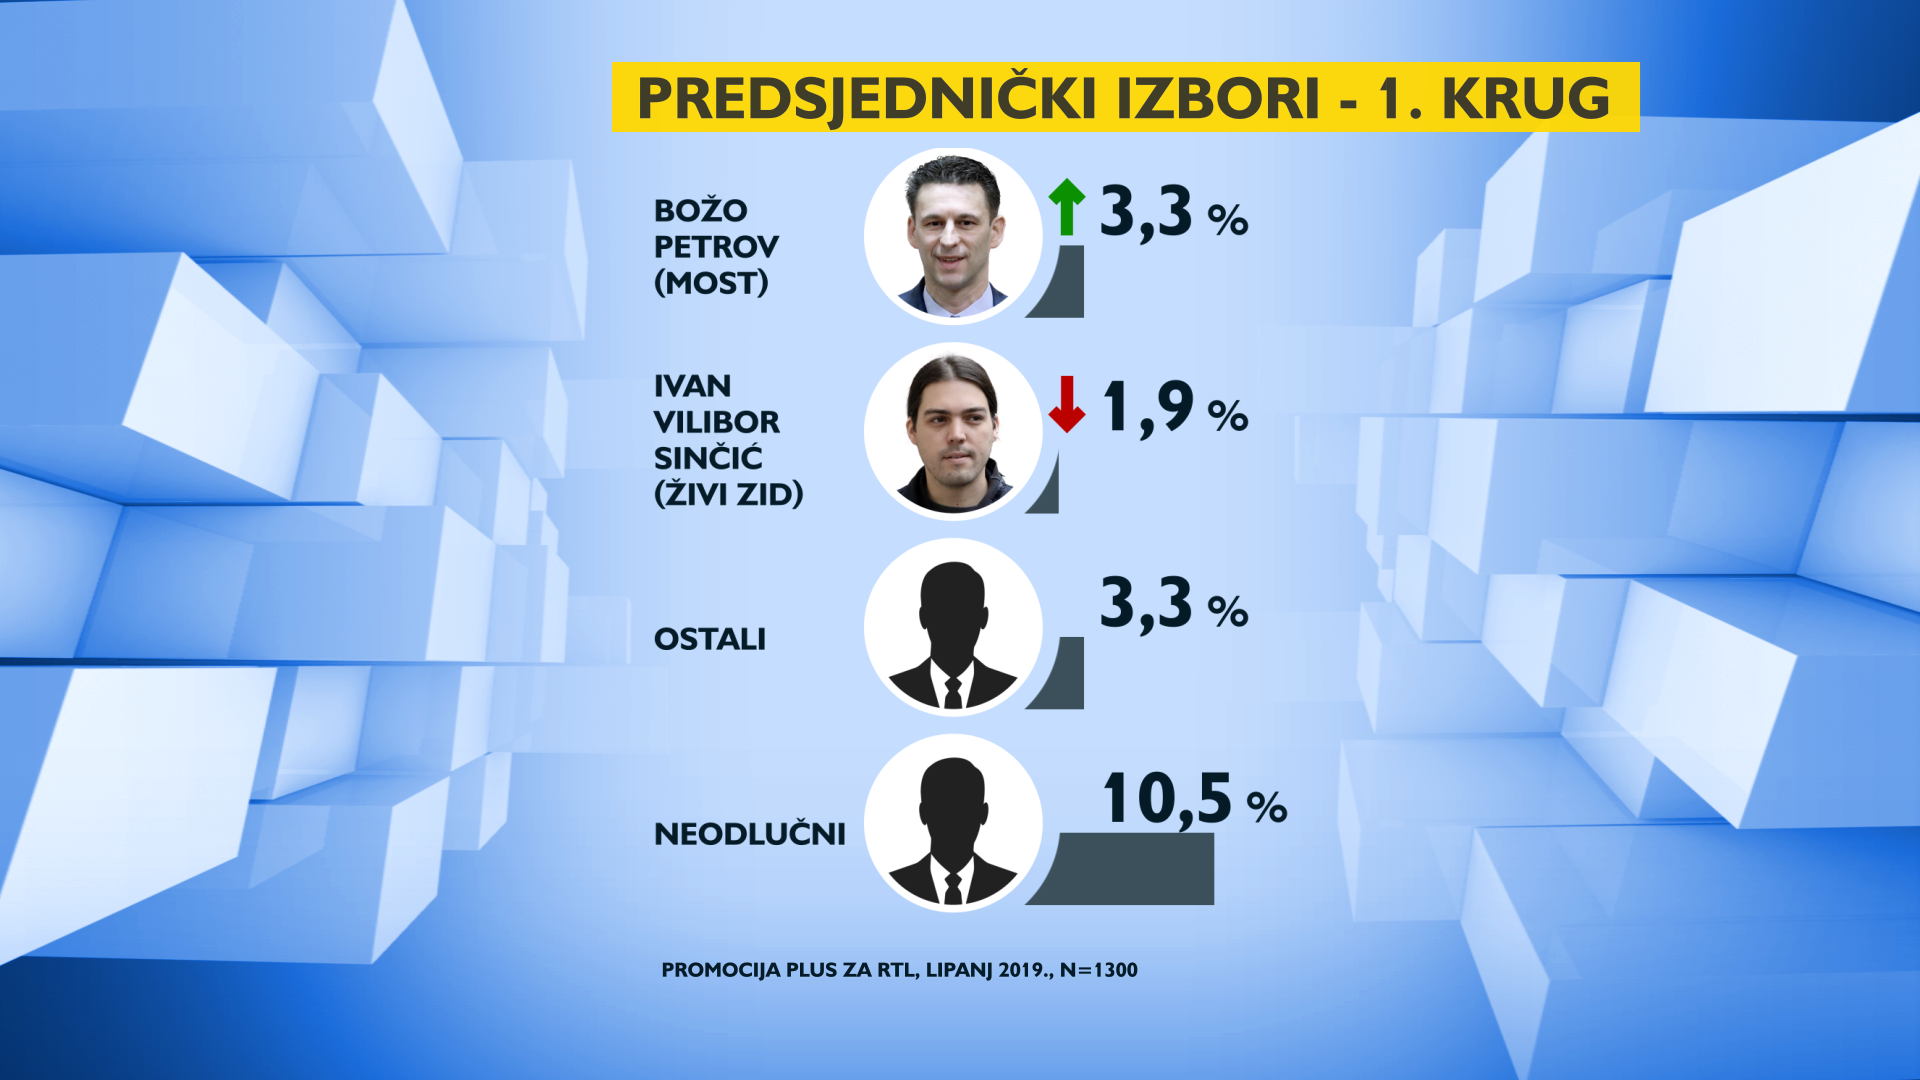 Kolindi potpora pada, Milanović raste, Škorin rejting  je 13,8%
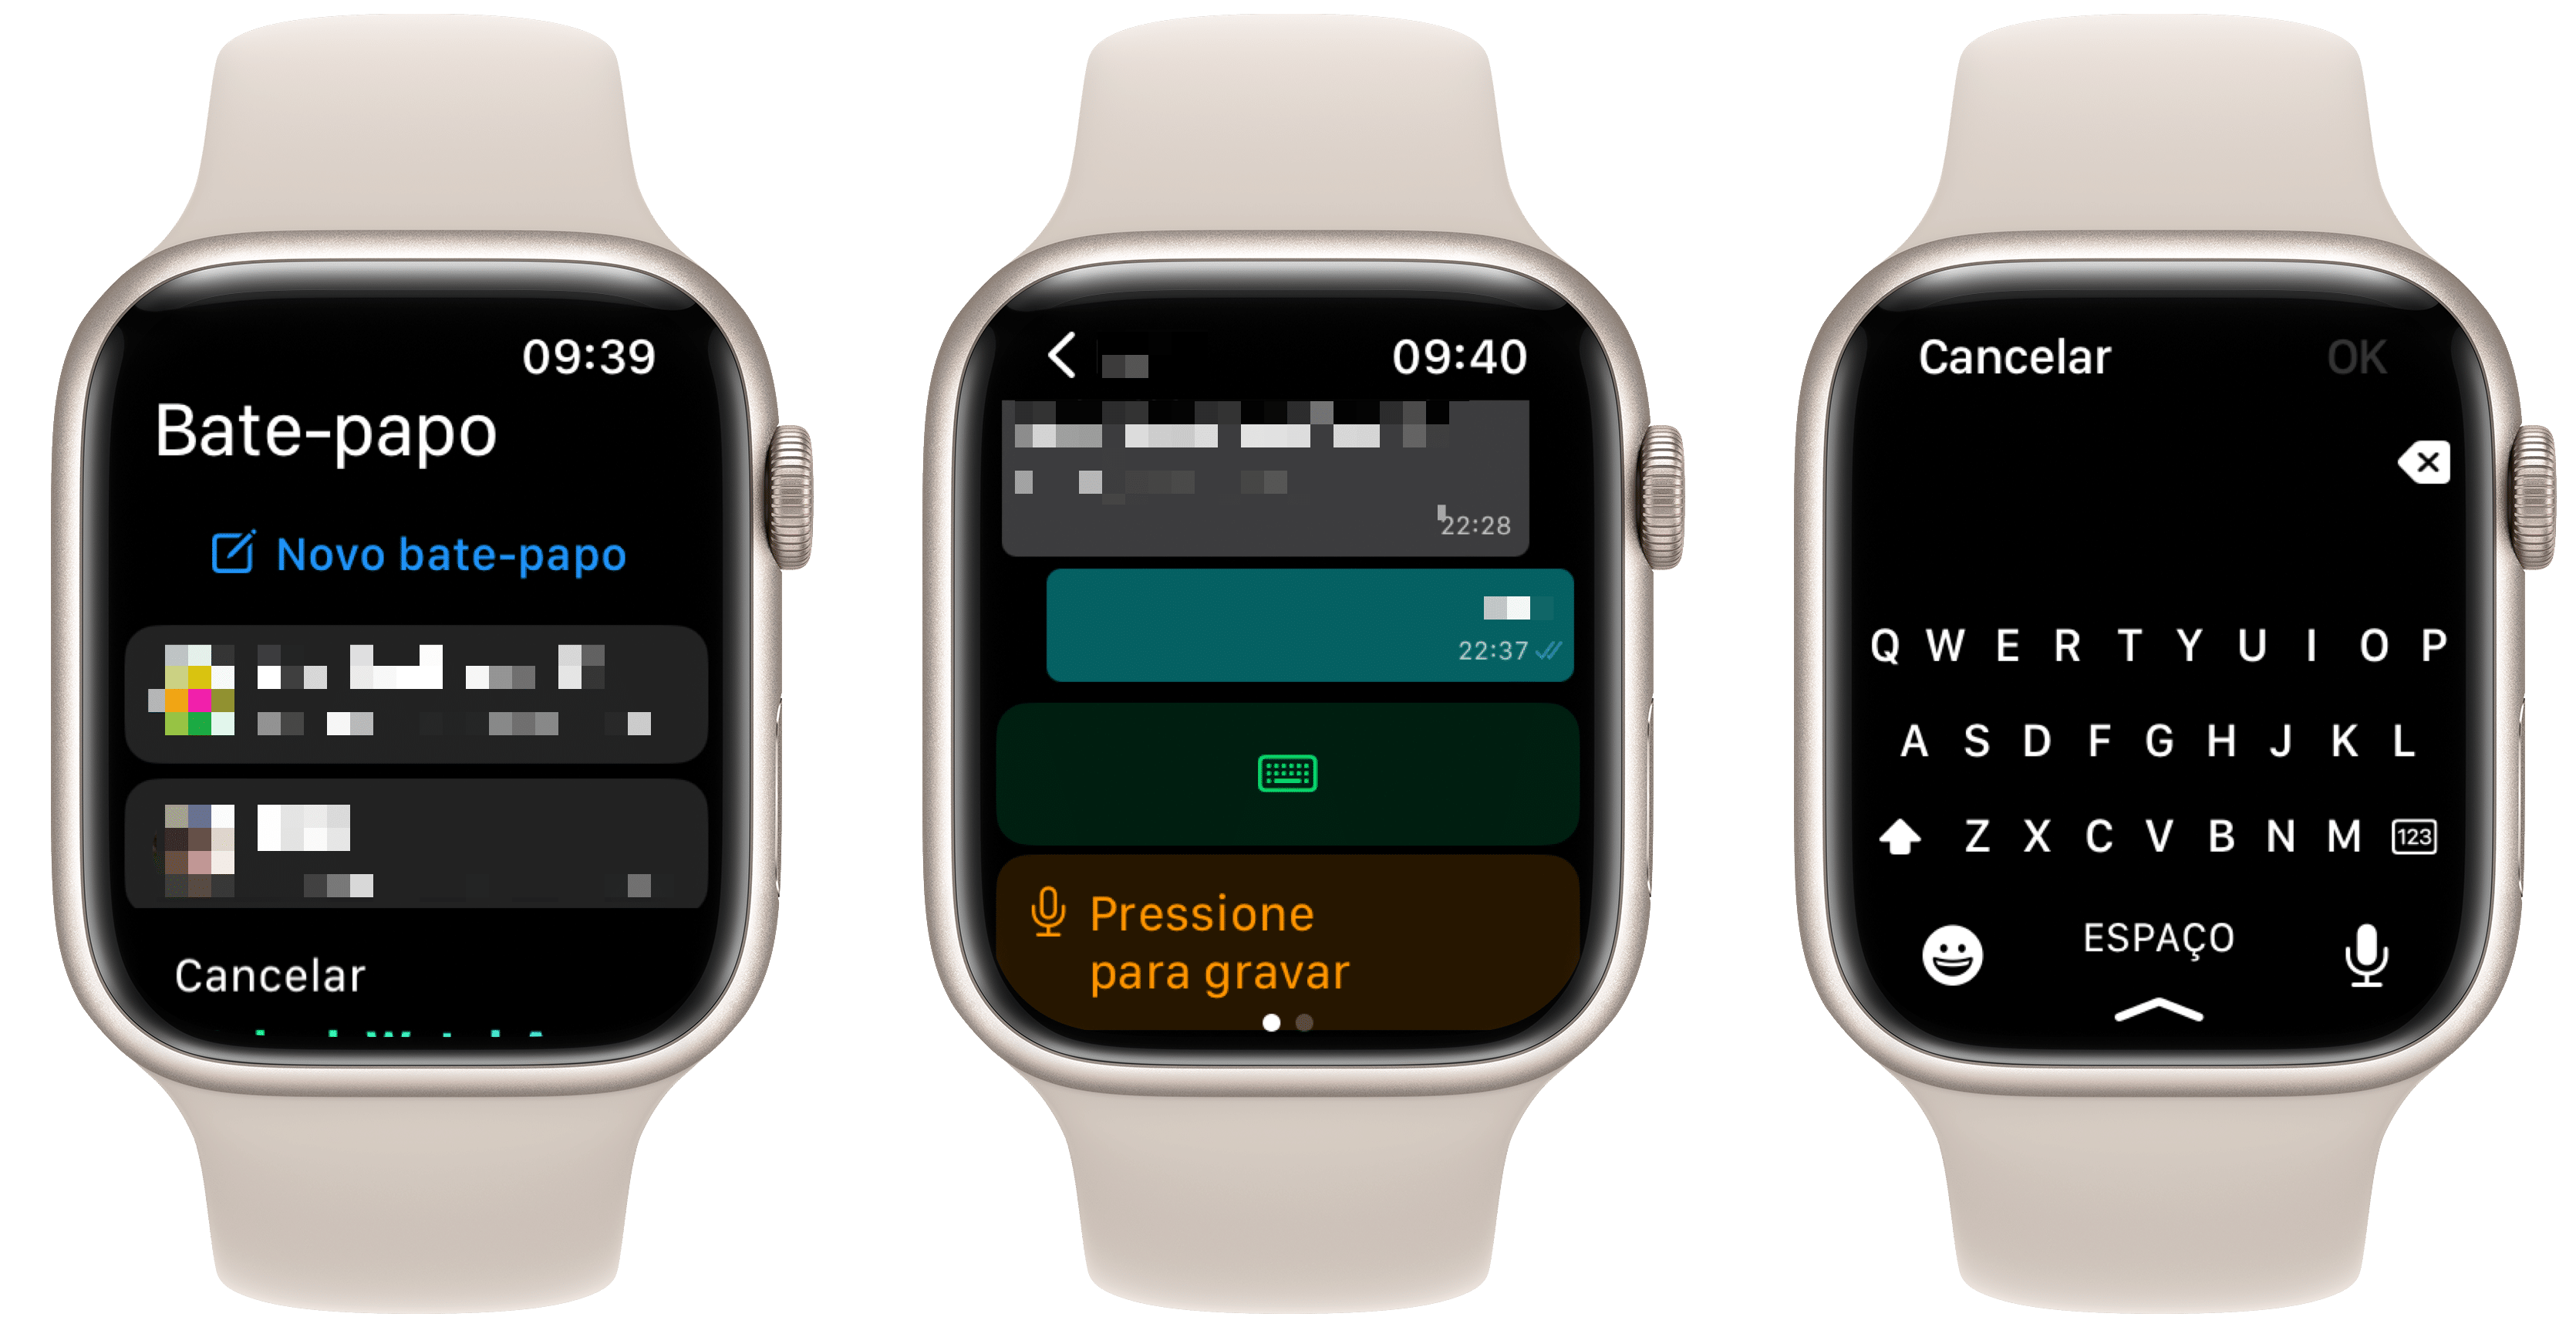 Conheça 3 apps para usar o WhatsApp no Apple Watch - MacMagazine
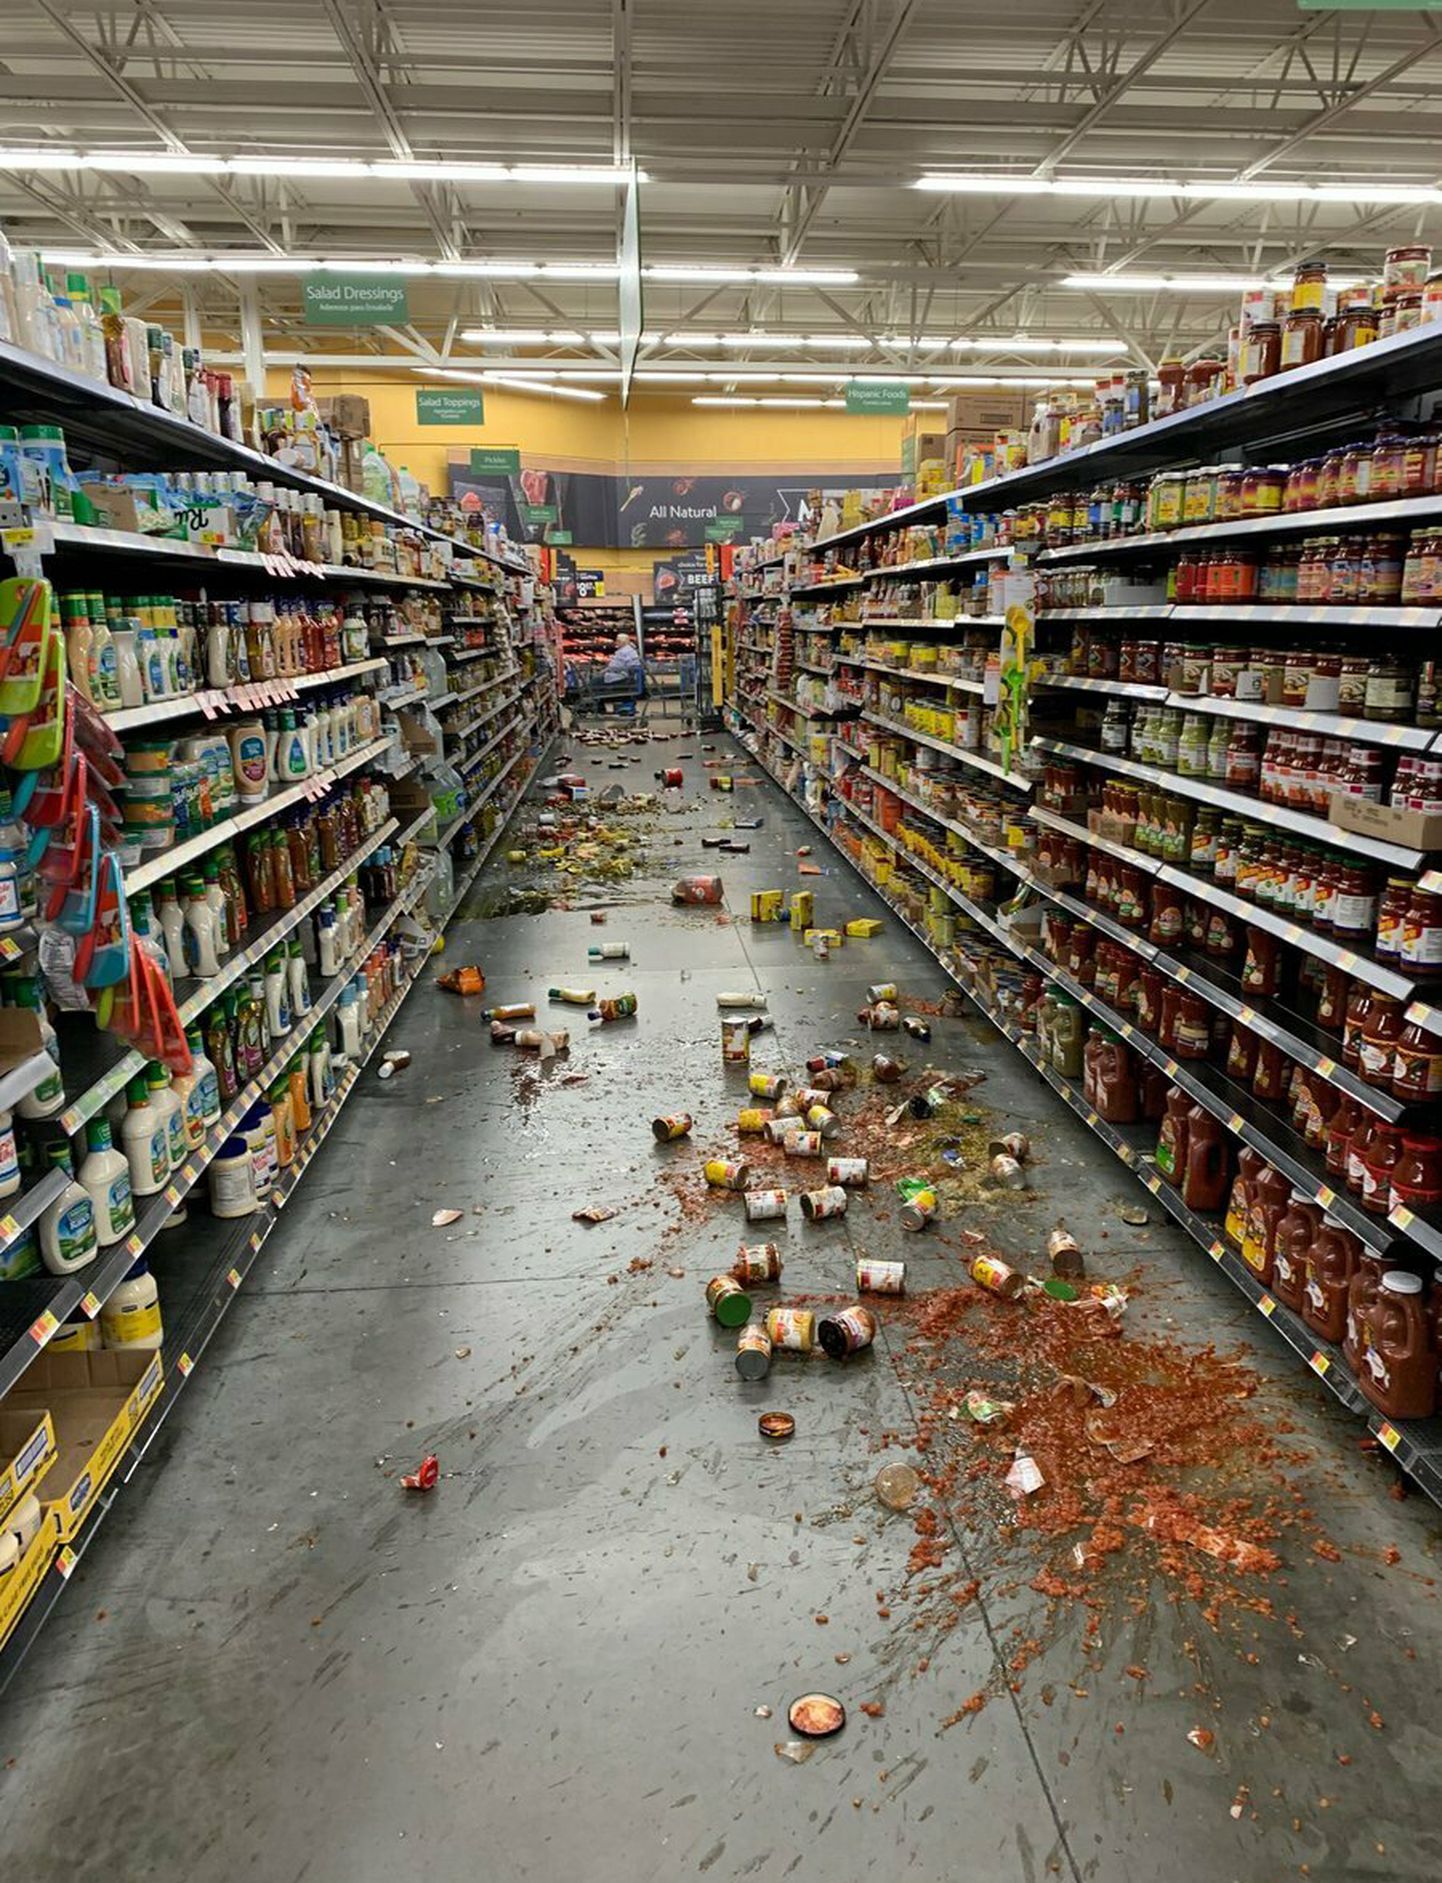 California maavärina tagajärjed ühes kaubanduskeskuses.
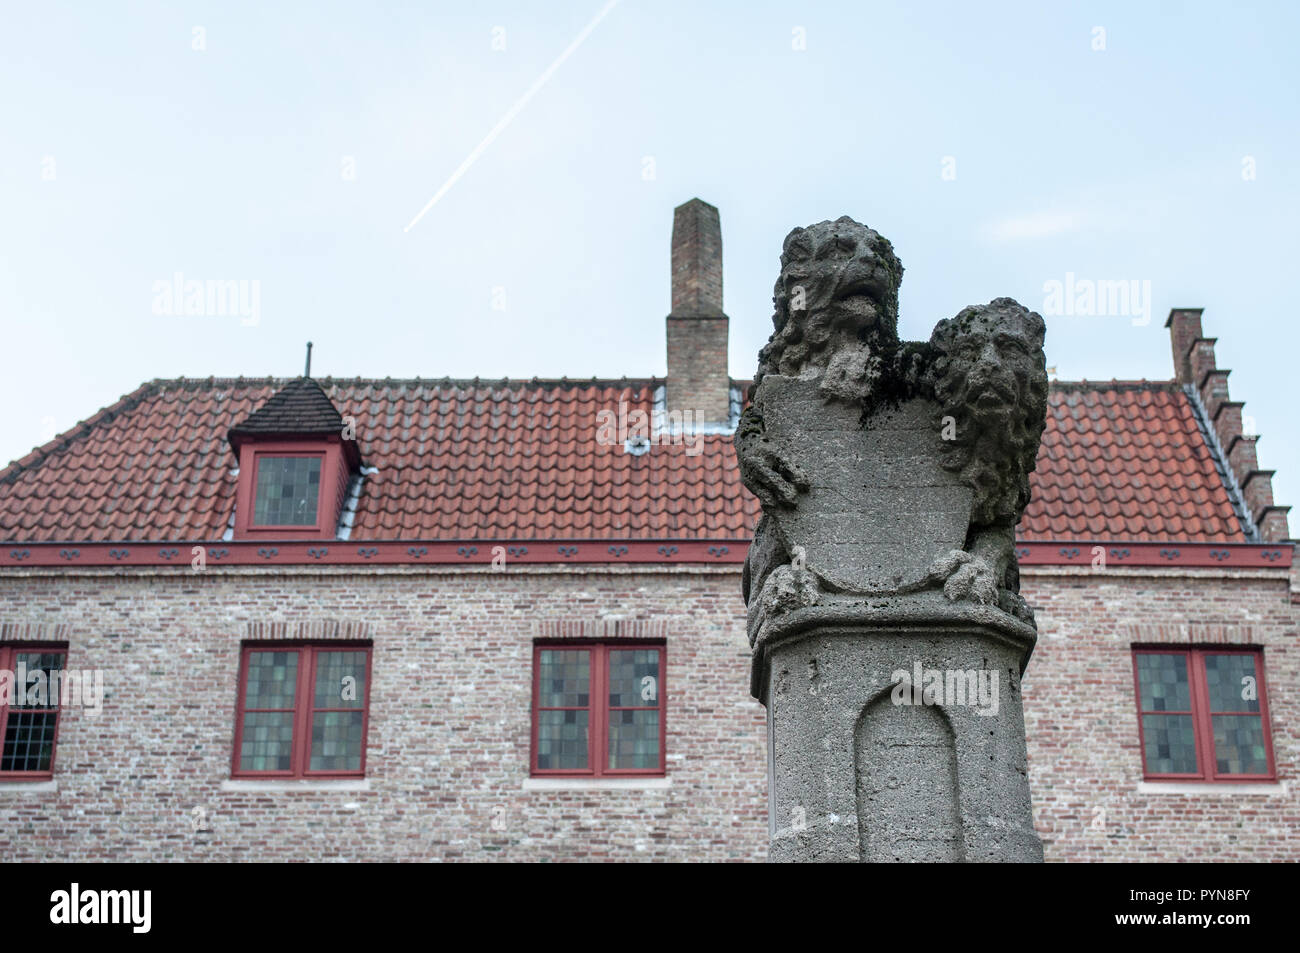 La célèbre place de lions Huidenvettersplein à Bruges, Flandre occidentale, Belgique, Europe. Site du patrimoine de l'Unesco. Symboles flamands. Banque D'Images

● ● ● ● ●

** About this exercise **
The output should hold only the lines from the one containing "California maavärina tagajärjed" through the last line of the listing, reproduced exactly, pictures omitted.

** Answer space **
 California maavärina tagajärjed ühes kaubanduskeskuses.
 La célèbre place de lions Huidenvettersplein à Bruges, Flandre occidentale, Belgique, Europe. Site du patrimoine de l'Unesco. Symboles flamands. Banque D'Images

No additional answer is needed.